In linguistics, a word sense is one of the meanings of a word. For example, a dictionary may have over 50 different senses of the word "play", each of these having a different meaning based on the context of the word's usage in a sentence, as follows:
We went to see the playRomeo and Juliet at the theater.
The coach devised a great play that put the visiting team on the defensive.
The children went out to play in the park.
In each sentence different collocates of "play" signal its different meanings.
People and computers, as they read words, must use a process called word-sense disambiguation [1] [2] to reconstruct the likely intended meaning of a word. This process uses context to narrow the possible senses down to the probable ones. The context includes such things as the ideas conveyed by adjacent words and nearby phrases, the known or probable purpose and register of the conversation or document, and the orientation (time and place) implied or expressed. The disambiguation is thus context-sensitive.
Advanced semantic analysis has resulted in a sub-distinction. A word sense corresponds either neatly to a seme (the smallest possible unit of meaning) or a sememe (larger unit of meaning), and polysemy of a word of phrase is the property of having multiple semes or sememes and thus multiple senses.
Often the senses of a word are related to each other within a semantic field. A common pattern is that one sense is broader and another narrower. This is often the case in technical jargon, where the target audience uses a narrower sense of a word that a general audience would tend to take in its broader sense. For example, in casual use "orthography" will often be glossed for a lay audience as "spelling", but in linguistic usage "orthography" (comprising spelling, casing, spacing, hyphenation, and other punctuation) is a hypernym of "spelling". Besides jargon, however, the pattern is common even in general vocabulary. Examples are the variation in senses of the term "wood wool" and in those of the word "bean". This pattern entails that natural language can often lack explicitness about hyponymy and hypernymy. Much more than programming languages do, it relies on context instead of explicitness; meaning is implicit within a context. Common examples are as follows:
Usage labels of " sensu " plus a qualifier, such as "sensu stricto" ("in the strict sense") or "sensu lato" ("in the broad sense") are sometimes used to clarify what is meant by a text.

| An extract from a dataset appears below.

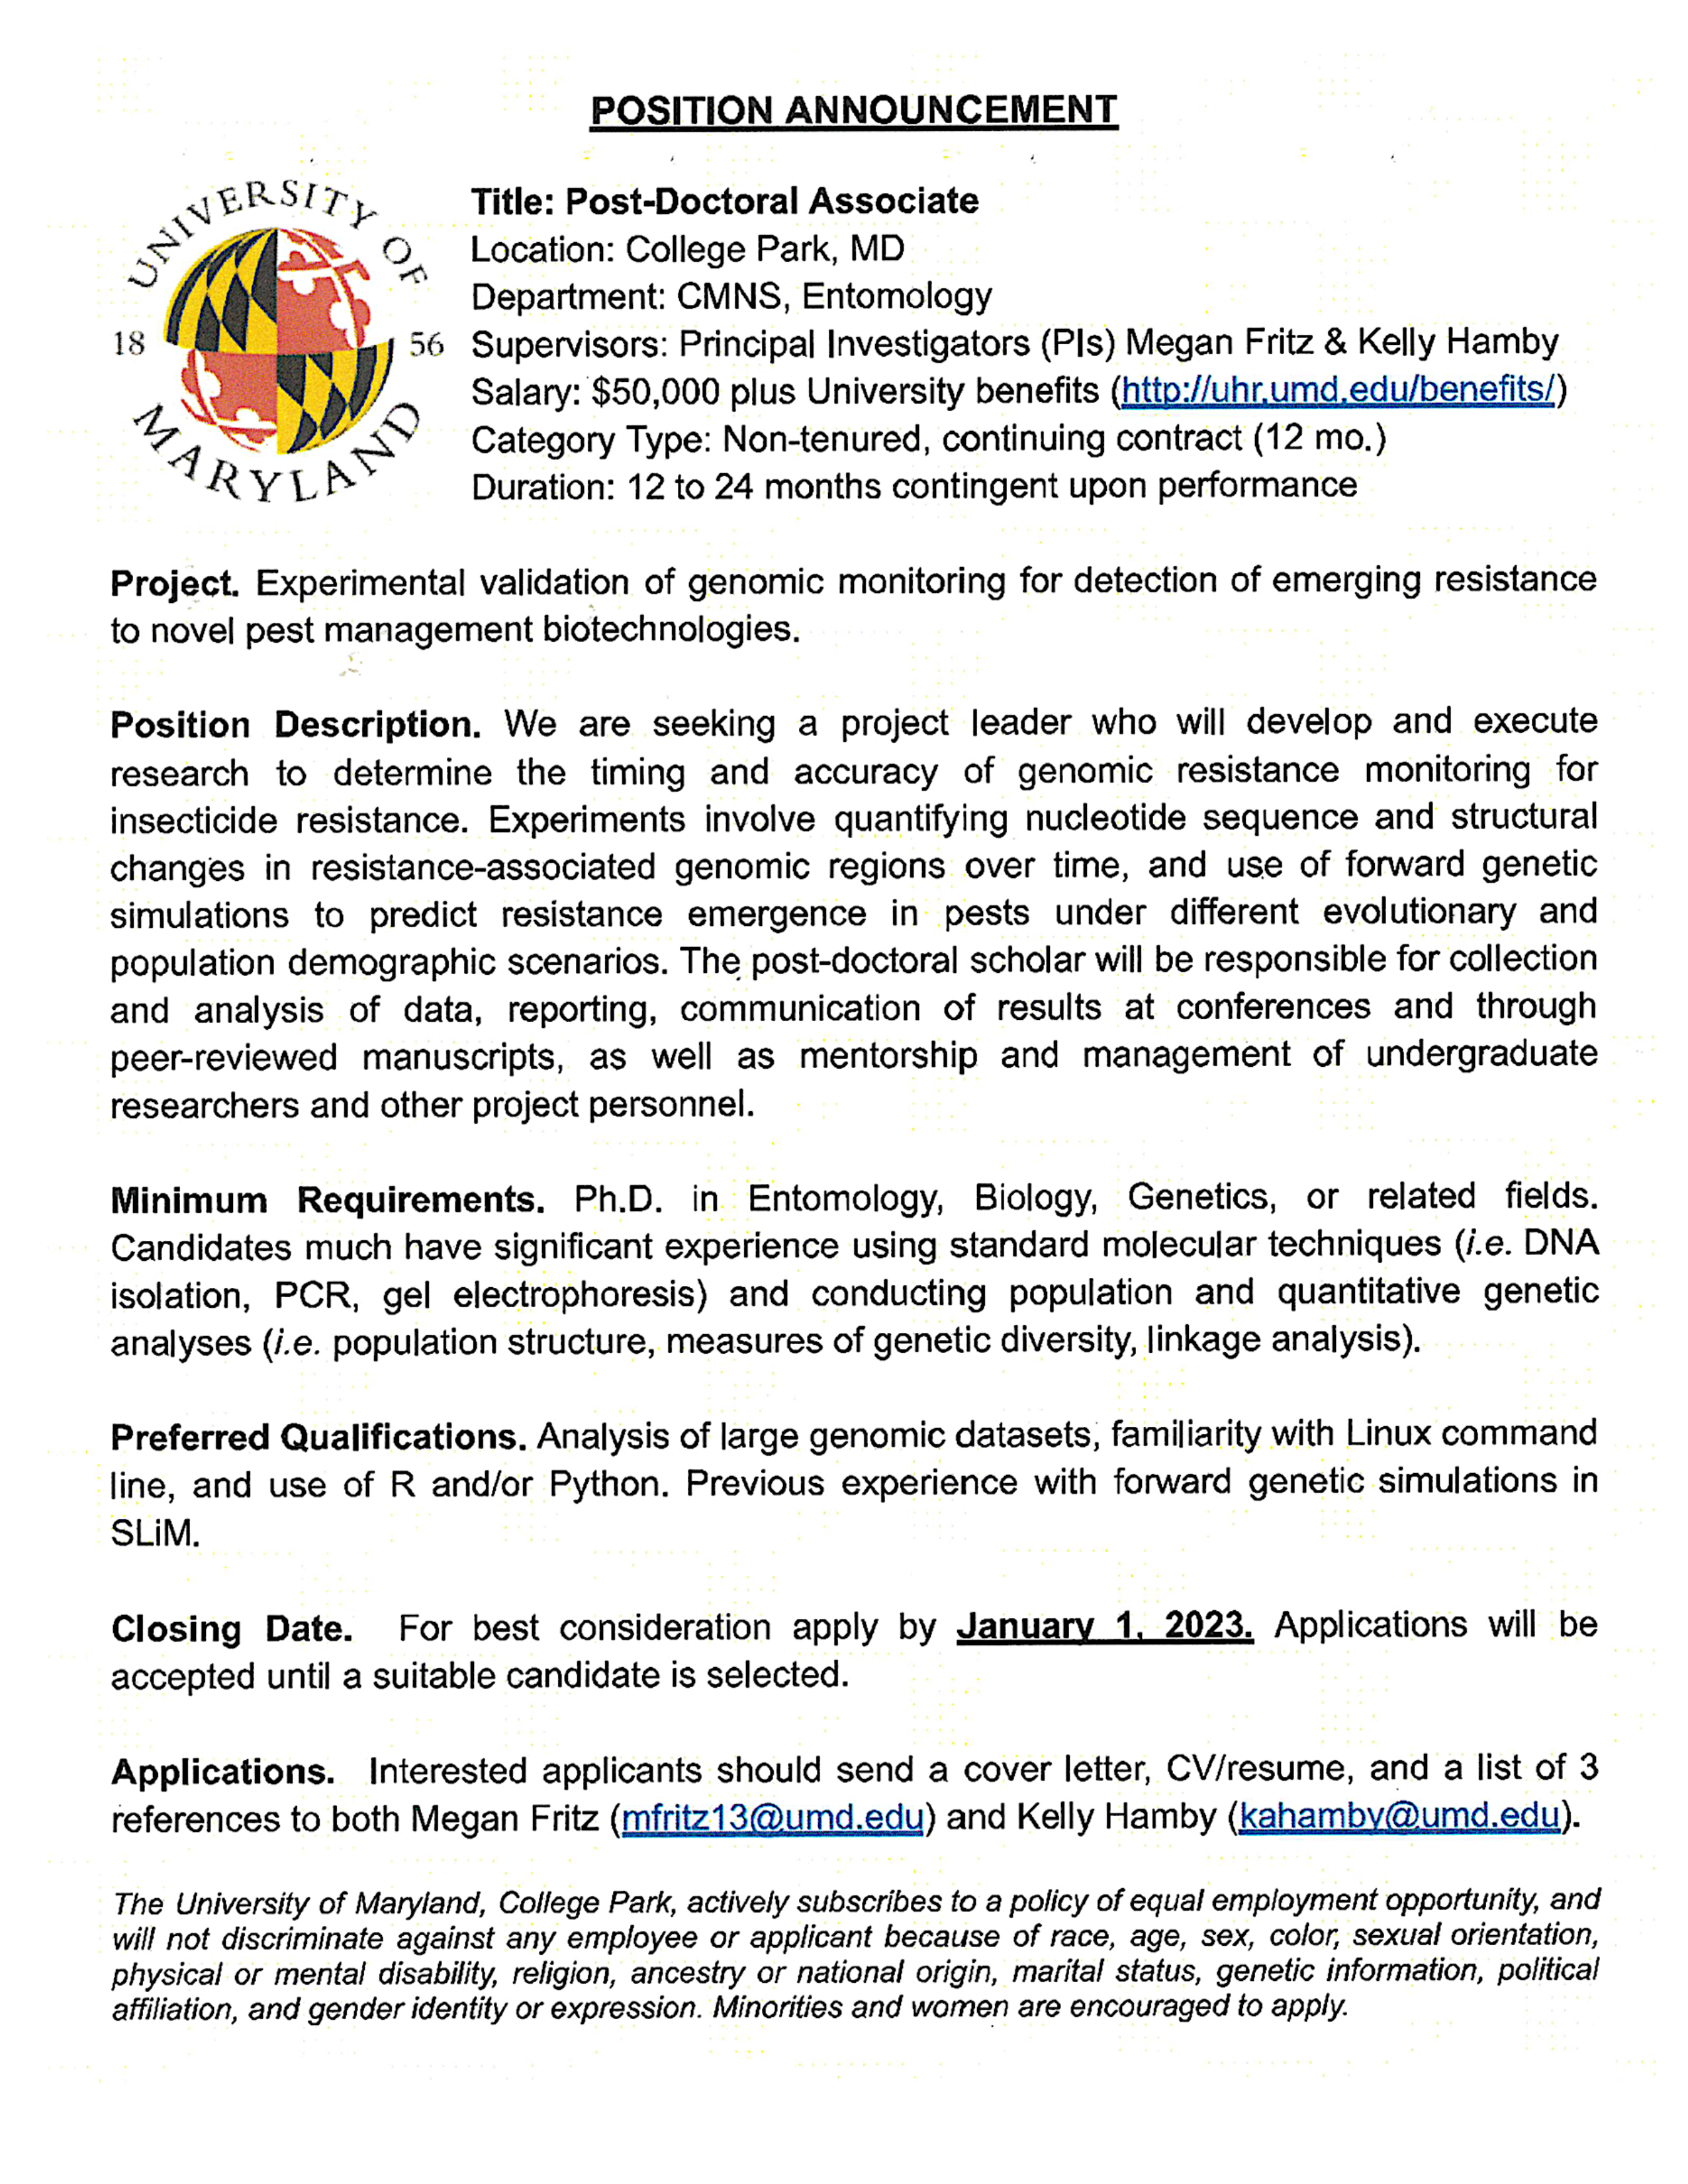 university_of_maryland_position_announcement_flyer.png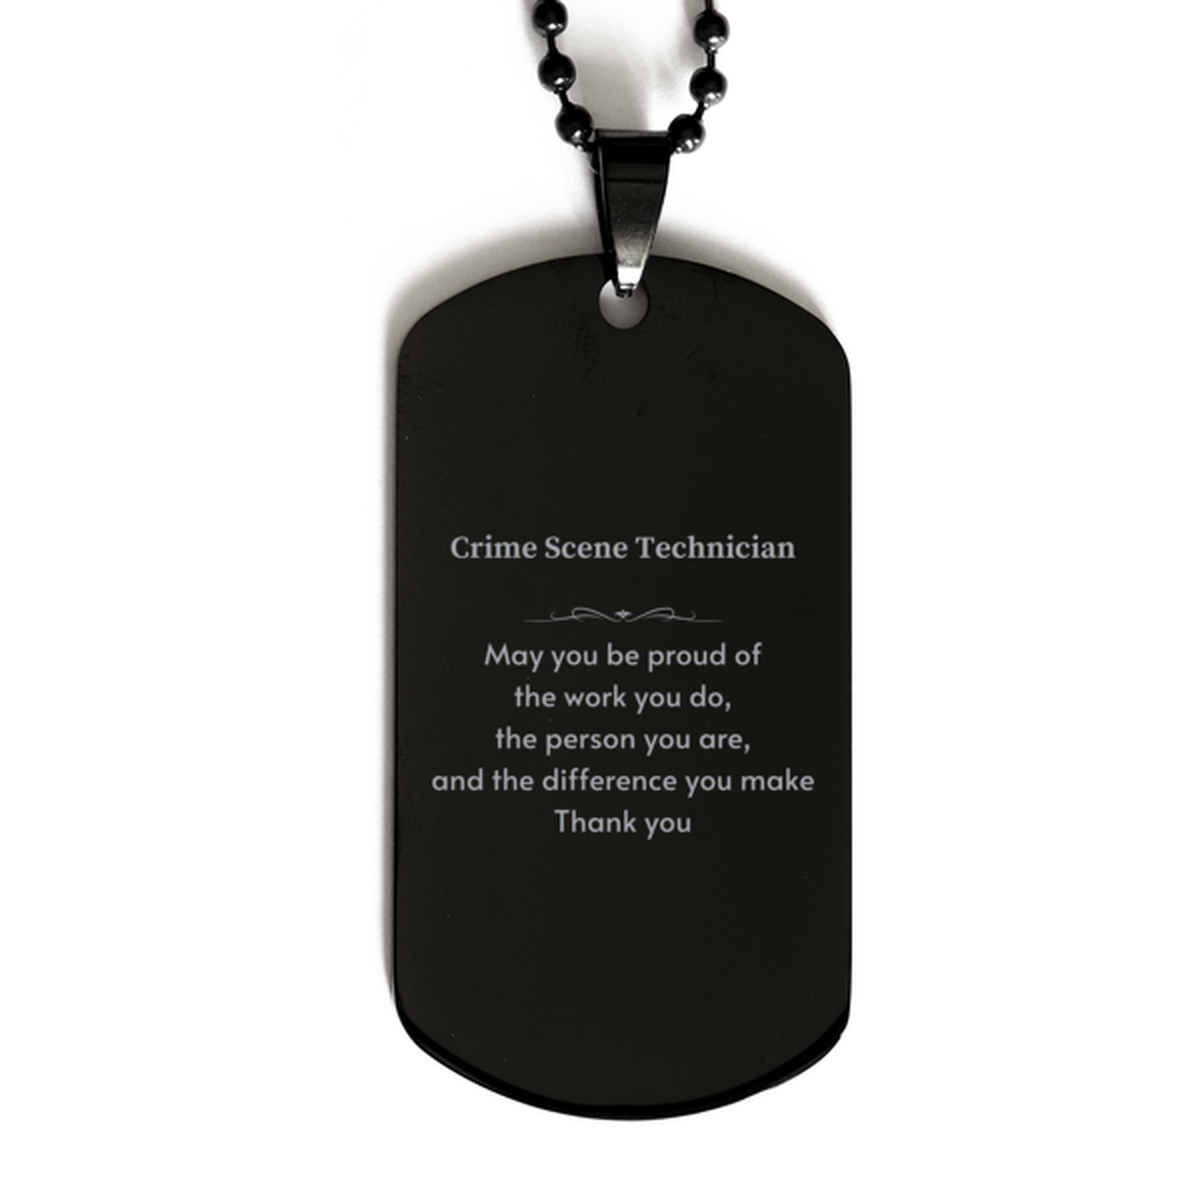 Heartwarming Black Dog Tag Retirement Coworkers Gifts for Crime Scene Technician, Crime Scene Technician May You be proud of the work you do, the person you are Gifts for Boss Men Women Friends

Polysemy entails a common historic root to a word or phrase. Broad medical terms usually followed by qualifiers, such as those in relation to certain conditions or types of anatomical locations are polysemic, and older conceptual words are with few exceptions highly polysemic (and usually beyond shades of similar meaning into the realms of being ambiguous).
Homonymy is where two separate-root words (lexemes) happen to have the same spelling and pronunciation.
A definition is a statement of the meaning of a term. Definitions can be classified into two large categories: intensional definitions, and extensional definitions. Another important category of definitions is the class of ostensive definitions, which convey the meaning of a term by pointing out examples. A term may have many different senses and multiple meanings, and thus require multiple definitions.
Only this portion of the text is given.